“您好,我是旗木卡卡西。绫乃的丈夫。没有提前来拜访,是我的错。请您原谅。”
女人愣住了,她想骂两句,看着这个银发男人九十度鞠躬的背影,骂人的话堵在喉咙里,怎么都出不来。她看了一眼绫乃,绫乃哭得一抽一抽的。女人叹了口气,“先进来吧,站在门口像什么话。”

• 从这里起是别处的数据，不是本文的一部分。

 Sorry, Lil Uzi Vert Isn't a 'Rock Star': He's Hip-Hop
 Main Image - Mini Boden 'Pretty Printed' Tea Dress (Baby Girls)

绫乃擦了擦眼泪,拉着卡卡西走进屋里。走廊尽头是客厅,一个中年男人正坐在矮桌旁看报纸。他穿着一件深蓝色的家居服,头发花白了一半,戴着一副老花镜,表情严肃。
“绫乃?”他放下报纸,看着女儿。
绫乃走过去在他对面坐下。“爸,我回来了。”
男人的目光越过绫乃,落在卡卡西身上。卡卡西也走过去,在他对面坐下,腰背挺得笔直。
“爸,他是……”绫乃攥着手指。
卡卡西开口了。“您好,我是旗木卡卡西。绫乃的丈夫。”
男人的表情没有变化。他摘下老花镜,放在桌上,“什么时候结的婚?”
“上个月。”绫乃的声音小得像蚊子,“十八号。”
男人没有说话。他看着卡卡西,卡卡西也看着他。两个人对视了足足有半分钟。
“旗木卡卡西。”男人念了一遍这个名字,“木叶的六代目火影?”
“是。”
“比我女儿大多少?”
“……”这个尖锐的问题一出,卡卡西沉默了。
绫乃连忙开口,“爸——”
“你闭嘴。”男人打断她,眼睛还是盯着卡卡西,“我问你。”
卡卡西沉默了一下。“十四岁。我比绫乃大十四岁。”
男人没有说话。他重新拿起老花镜戴上,又摘下来,放在桌上。他站起来,走到窗边,背对着他们。“你知不知道,她是我女儿。从小到大,我没让她受过委屈。你比我女儿大这么多,又是火影,工作忙,应酬多。你拿什么保证让她幸福?”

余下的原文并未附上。